On the whole, this has not proved to be a problem. Furthermore, attempts to reorganize the rotations to match the current company structure have usually stalled due to objections from the on-call engineers. These engineers have, in some cases, supported the systems in their rotations for years and acquired deep knowledge of those systems. Change for the sake of matching the current organizational chart represents a significant upheaval for a comparatively modest benefit. (And when the organizational chart changes again, the upheaval repeats itself.)

Cultural Best Practices

We try hard to foster the following norms and attitudes for the benefit of the on-call engineers, and by extension, the company as a whole.

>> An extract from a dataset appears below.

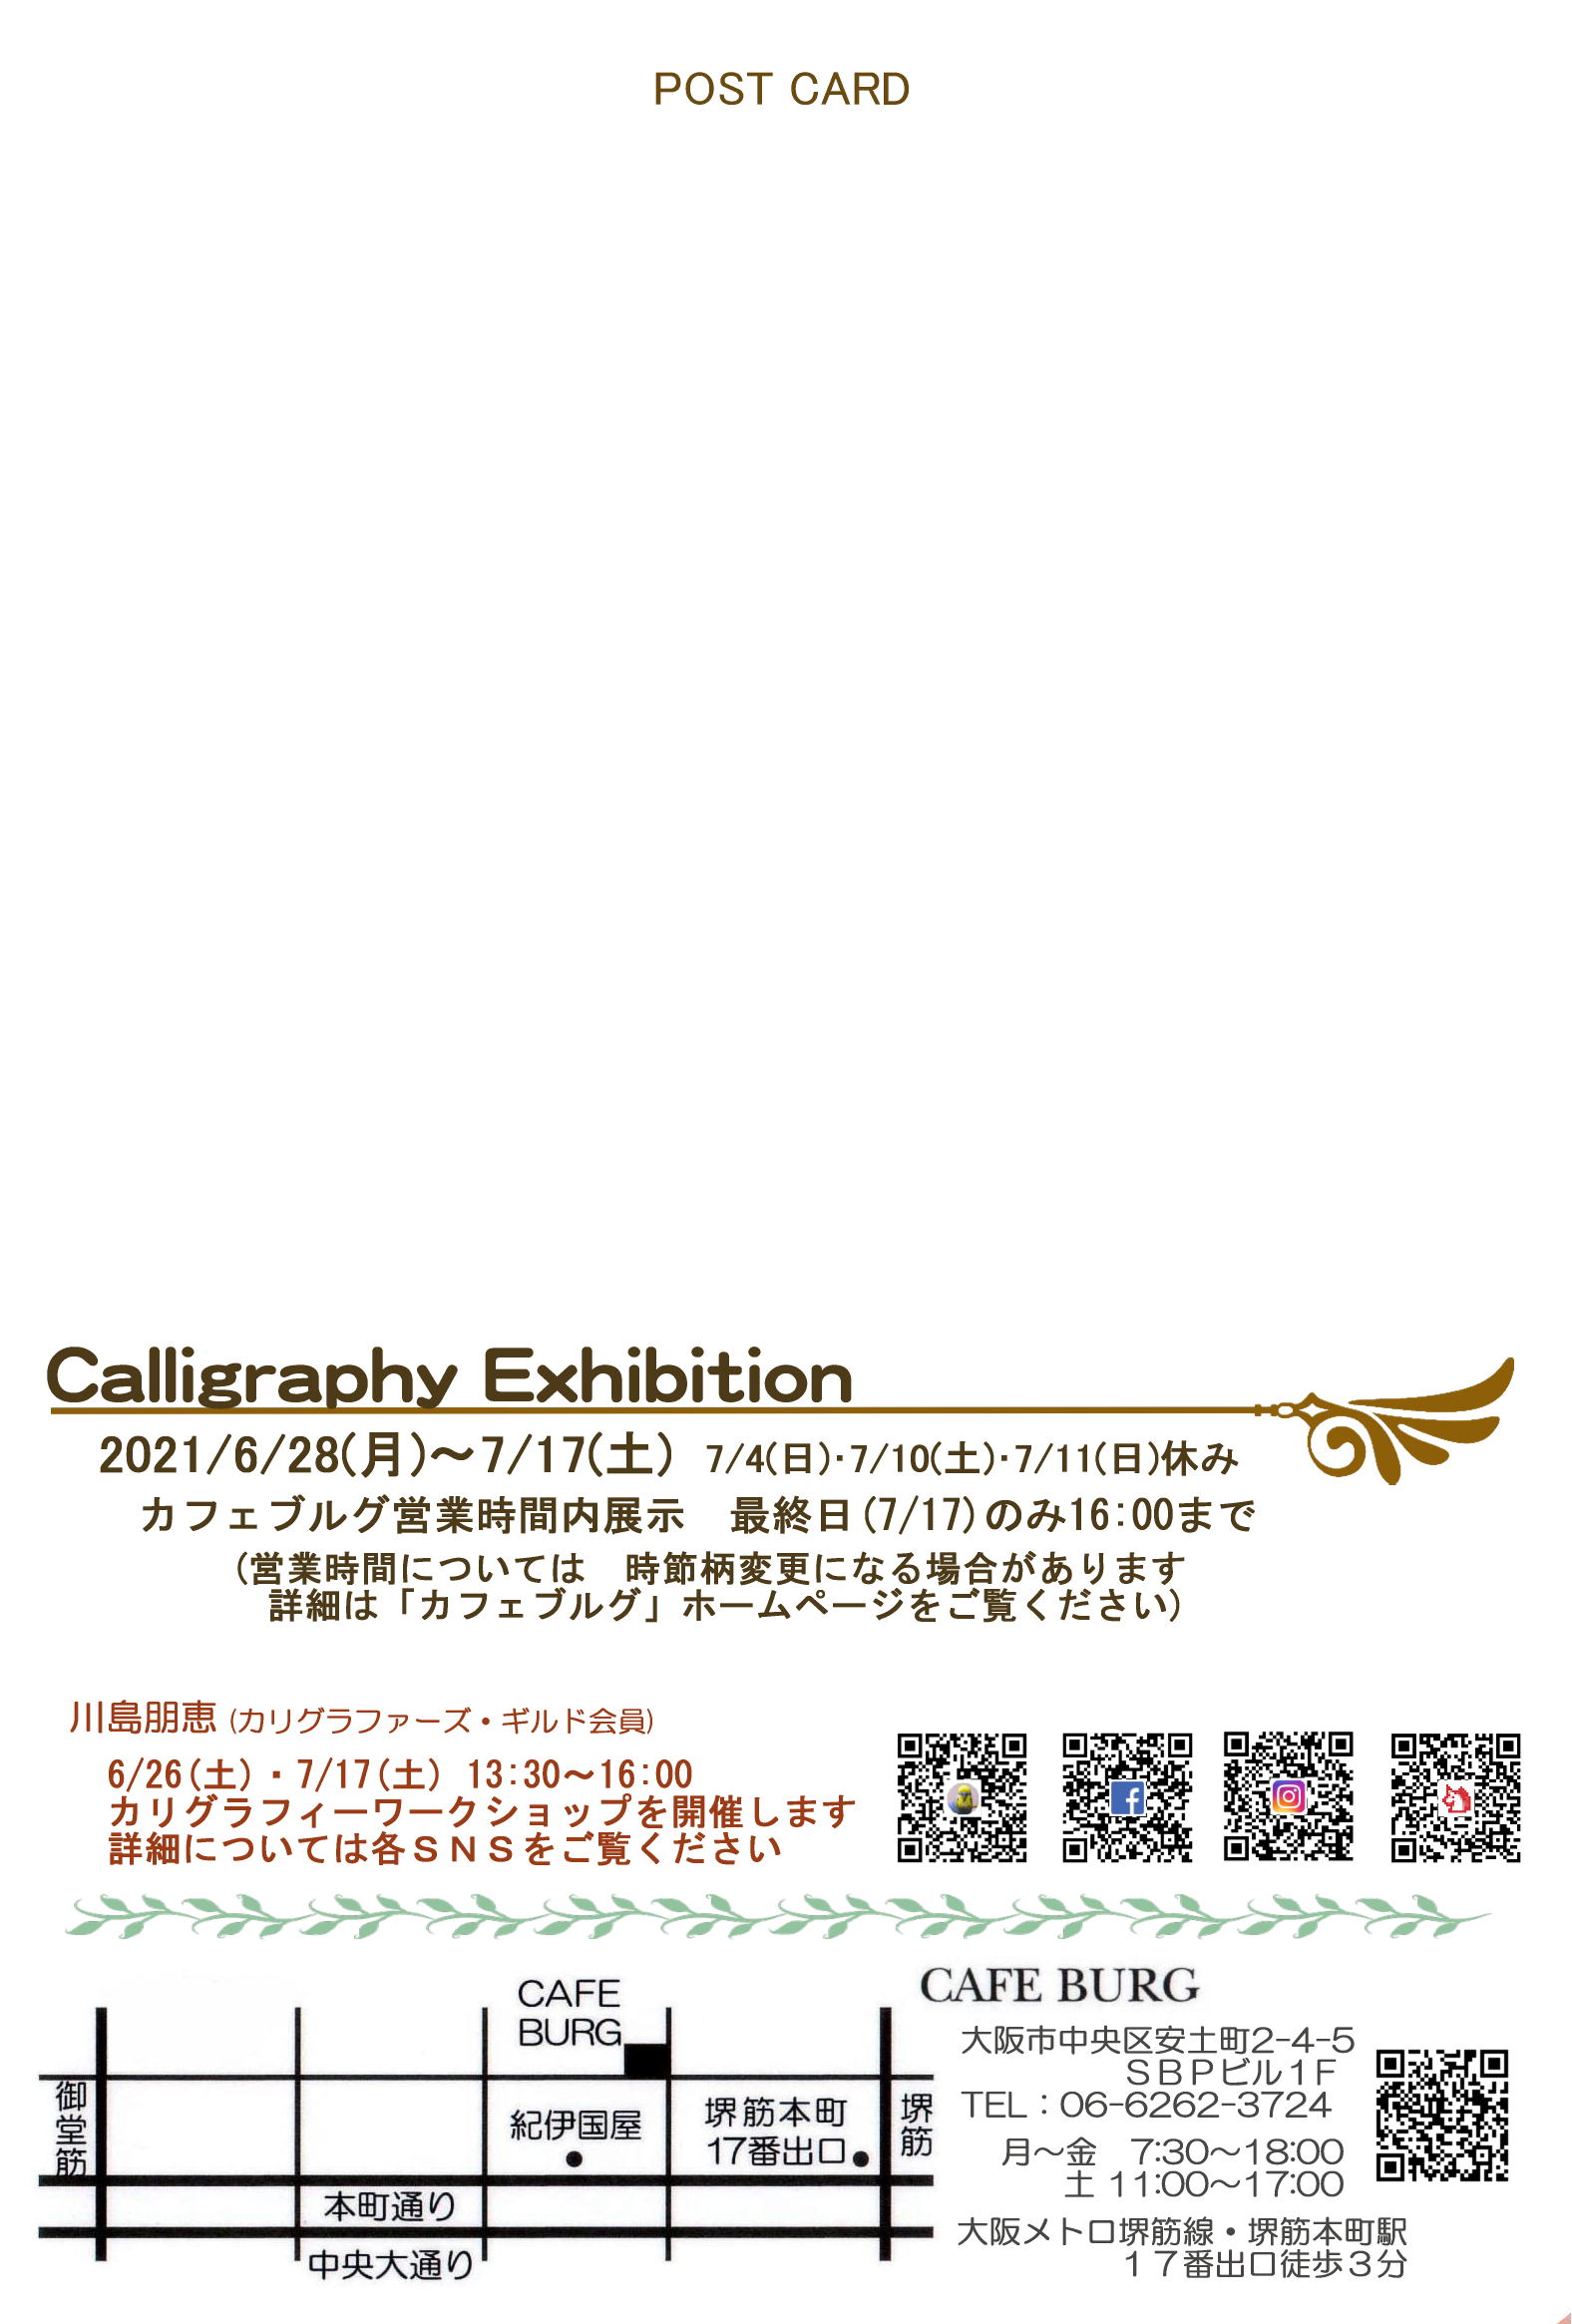 カリグラフィー作品展(裏)再延期日付変更

The people who are on call want to be on call. Engineers who’ve freely taken on the obligation (and are being compensated for it) are more motivated when responding to incidents. Having experienced workplaces where on-call work was mandatory or close to mandatory, I can personally attest to the positive atmosphere engendered by a voluntary on-call policy.

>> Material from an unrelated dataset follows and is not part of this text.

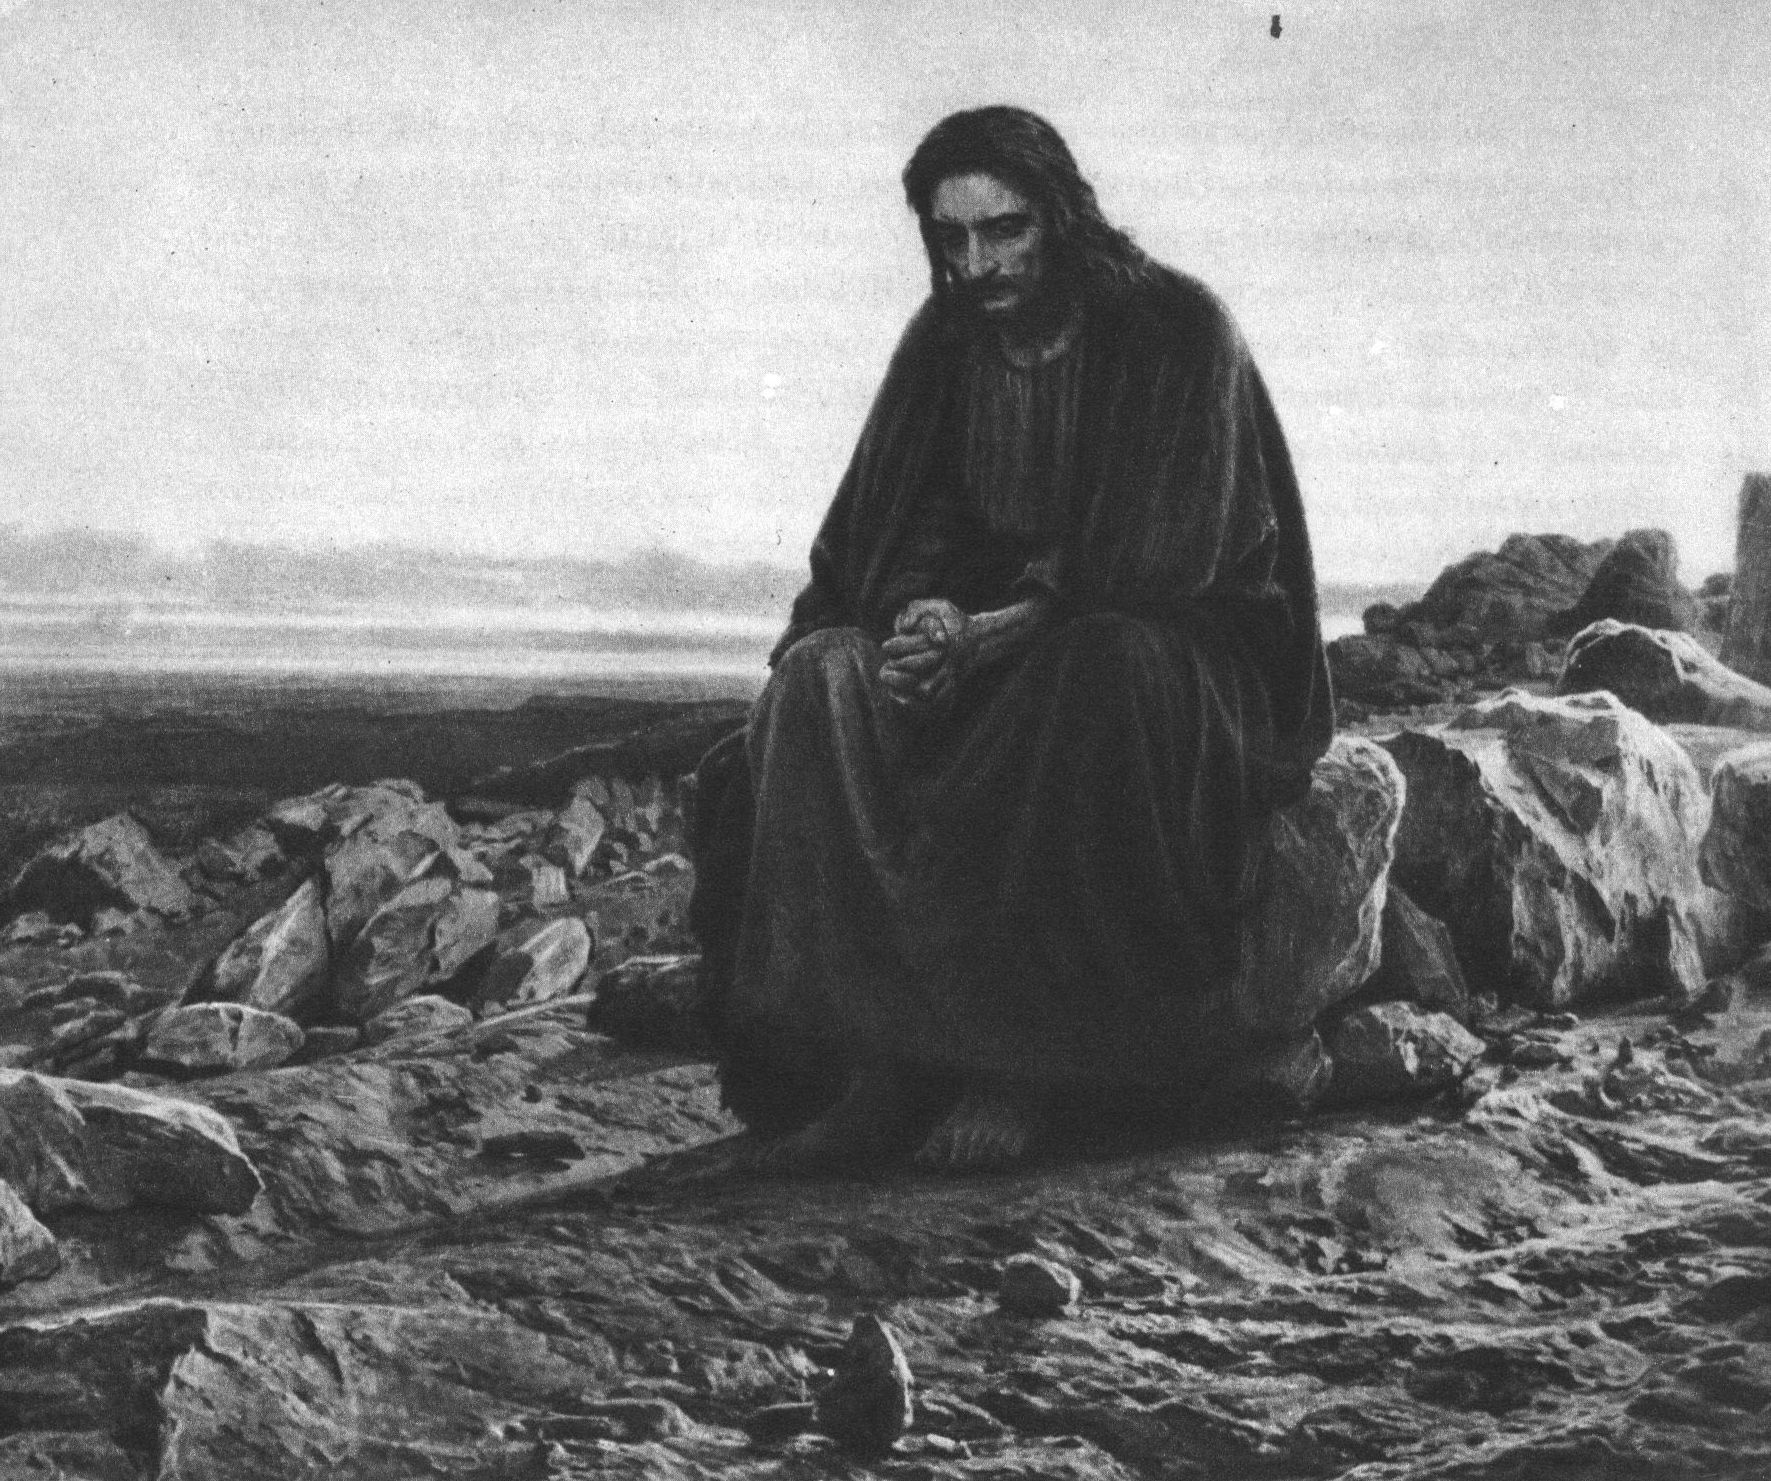 И.Н. Крамской. Христос в пустыне

Practical matters like shift cadences are decided collectively by the engineers in the rotation. The rotation administrator leads the decision-making process but does not act unilaterally. This is why not all of SoundCloud’s rotations have the same shift patterns, shift handover times, procedures for trading or giving away shifts, and so on. Each rotation is free to do what works best for its members.

On-call engineers often spend some of their normal working day looking into minor operational issues to prevent these issues worsening and having to page someone out of hours.

When responding to incidents, engineers can always ask for help by paging other engineers. This is something we stress multiple times during on-call onboarding. It’s a cornerstone of a healthy, high-trust on-call culture. Nobody enjoys getting a second-level support page in the middle of the night, but responding (if possible) is an important act of empathy for the engineer who needs help. It’s also an investment in training them to handle the situation autonomously in the future.

In addition to feeling free to ask for help, engineers also feel free to hand work over to others after a reasonable length of time. For major or long-running incidents, we encourage engineers to hand over after four hours — or sooner if they become too tired to work effectively.

The most important cultural practice — which influences all the other cultural practices I’ve discussed — is fostering a learning culture rather than a blame culture. This truly can’t be emphasized enough. Mistakes are an inevitable part of incident response. Learning from mistakes builds a stronger, more technically proficient engineering organization. Punishing people for mistakes makes engineers afraid to act in new situations, afraid to ask for help when they need it, and afraid to be transparent. Ultimately, engineers will choose to leave the on-call rotations or even the company if there’s a culture of blame.

When a Major Incident Happens

Responding to a total site outage or other severe incident is stressful for all involved. It’s also a stress test for a company’s on-call culture. It’s more important than ever for engineers to work well together and trust each other. They’ll resolve the incident faster if they feel comfortable admitting what they don’t know, asking for help from others, being honest if they make mistakes, and speaking up if they’re too tired to carry on.

The time to foster these behaviors is before a major incident occurs. Engineers learn them from experience, by responding to smaller incidents and interacting with their colleagues. In this sense, smaller incidents are essentially practice for larger incidents.

Conclusions

Underpinning all the practices and behaviors I’ve described in this article is one thing: respect. Companies that respect their engineers institute policies that enable those engineers to do their best work. Engineers who respect each other help each other succeed, and in turn, help the company succeed. This applies to on-call rotations as well as the wider engineering culture. When mutual respect exists, everyone wins.